A criminal group has been systematically targeting large corporations — including four Canadian organizations — over the past three years to steal confidential information and intellectual property, warns Symantec.

In a blog last week the security vendor said the group, which it has dubbed Butterfly, has hit 49 organizations in more than 20 countries including Twitter, Facebook, Apple, Microsoft and firms in the pharmaceutical, legal and oil and precious metals sectors. More details on the group are in this Symatec report.

Symantec describes the group as “technically proficient and well resourced” and — perhaps surprisingly — not interested in credit card data. “The group has developed a suite of custom malware tools capable of attacking both Windows and Apple computers,” says the report, “and appears to have used at least one zero-day vulnerability in its attacks. It keeps a low profile and maintains good operational security. After successfully compromising a target organization, it cleans up after itself before moving on to its next target.”
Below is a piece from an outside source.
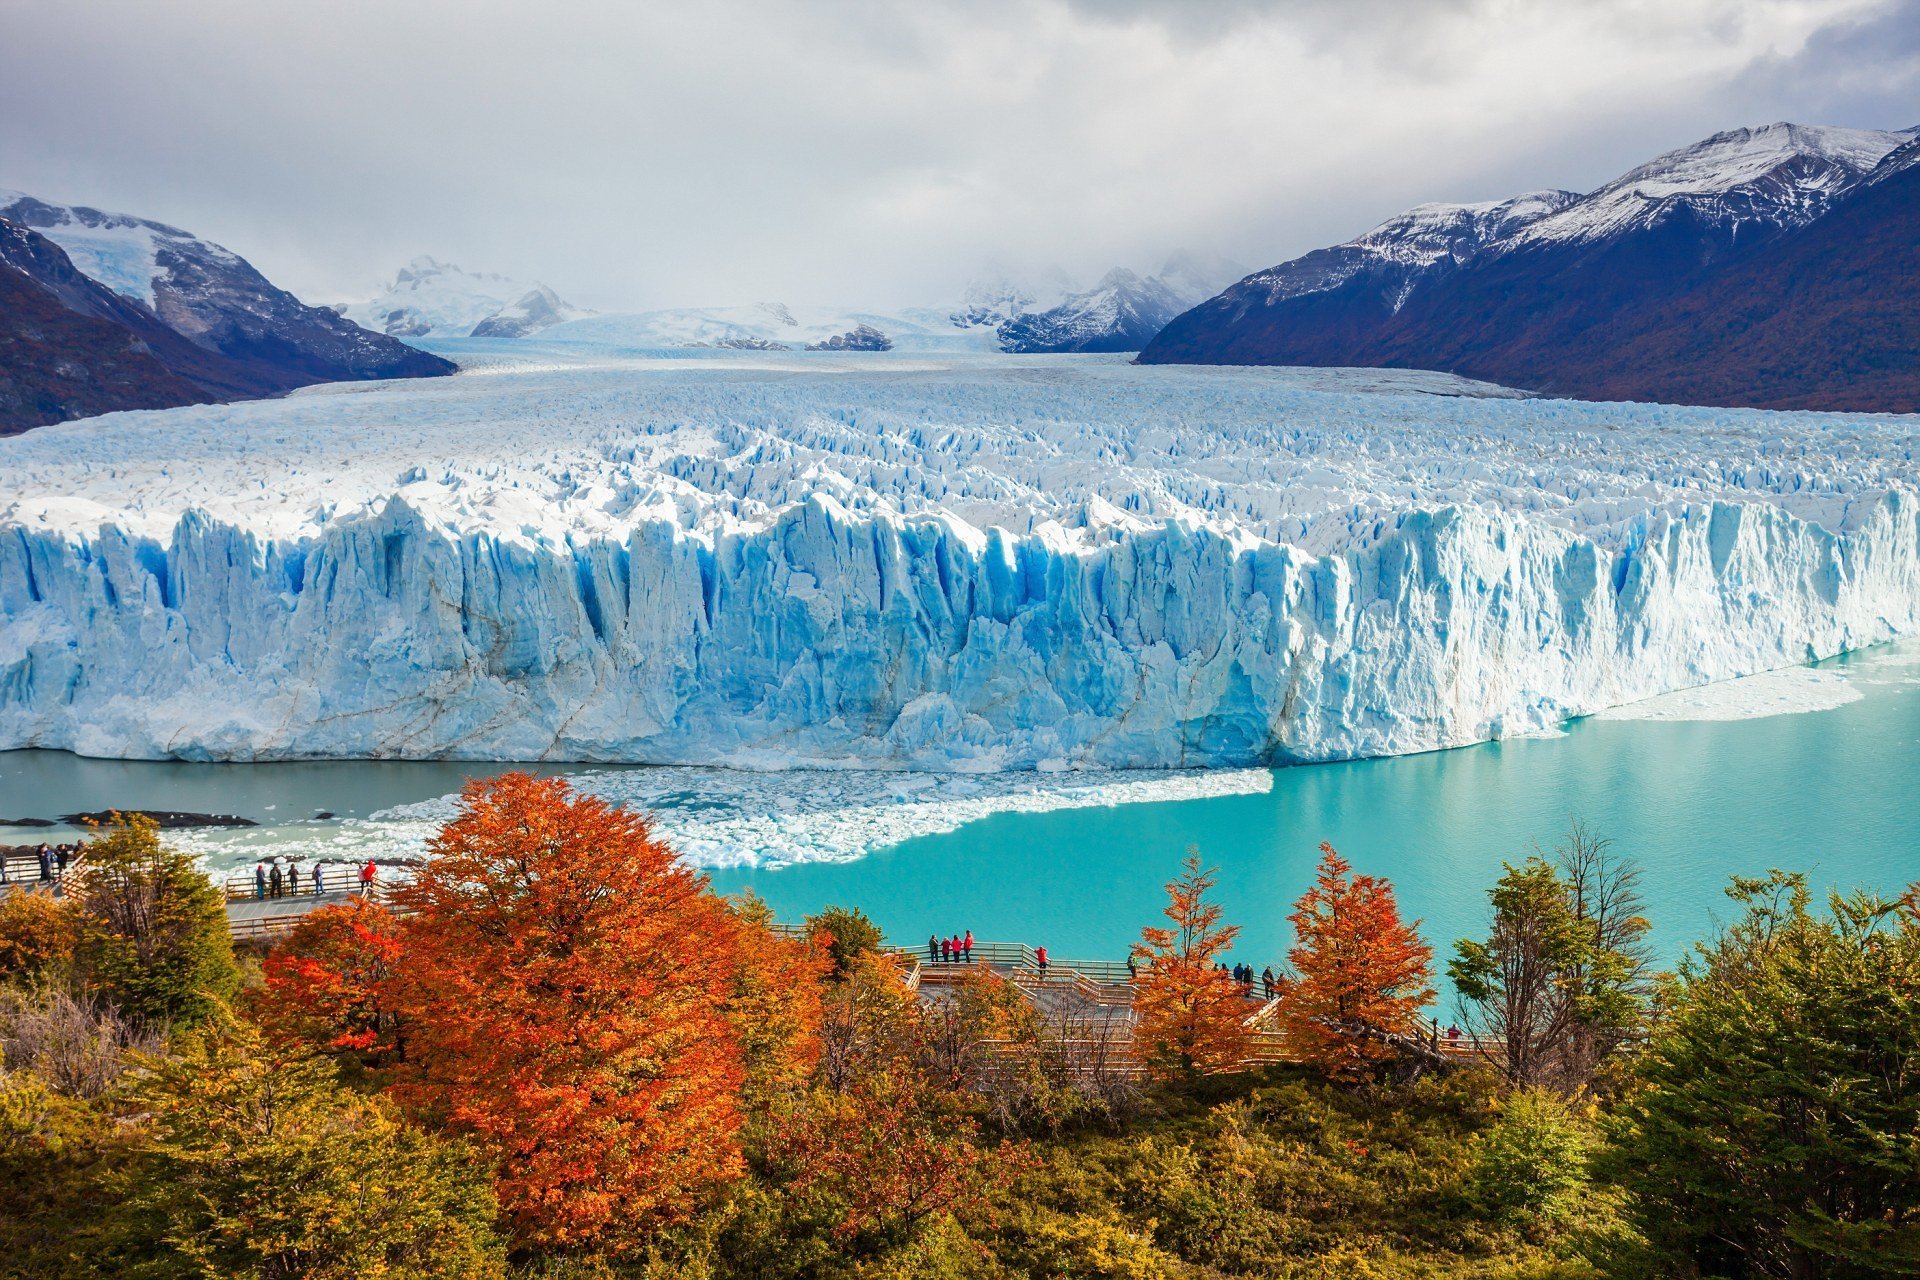 Ледник Перито-Морено расположен в национальном парке Лос-Гласьярес в провинции Санта-Крус, Аргентина. Это одна из самых важных достопримечательностей Аргентинской Патагонии

Part of the reason it’s been hard to track is the group uses encrypted virtual machines and multi-staged command and control servers to make it difficult to investigate.

The attacks date back to 2012 and typically involve compromising a website used by mobile developers (iPhoneDevSDK. com) and using a Java zero-day exploit (CVE-2013-0422, since been patched) to infect them with a Mac OS X back door known as OSX.Pintsized or a Windows back door, Backdoor.Jiripbot. It is not uncommon for the attackers to gain a foothold in an organization’s regional offices, then spreading to its headquarters. In many attacks, Symantec [Nasdaq: SYMC] says, the group compromised Microsoft Exchange or Lotus Domino email servers to intercept company emails, and possibly use them to send counterfeit emails.

In addition to the four unnamed Canadian firms hit, 17 organizations in the U.S. and 12 in Europe were victims. Symatec doubts the Butterfly group is state-sponsored.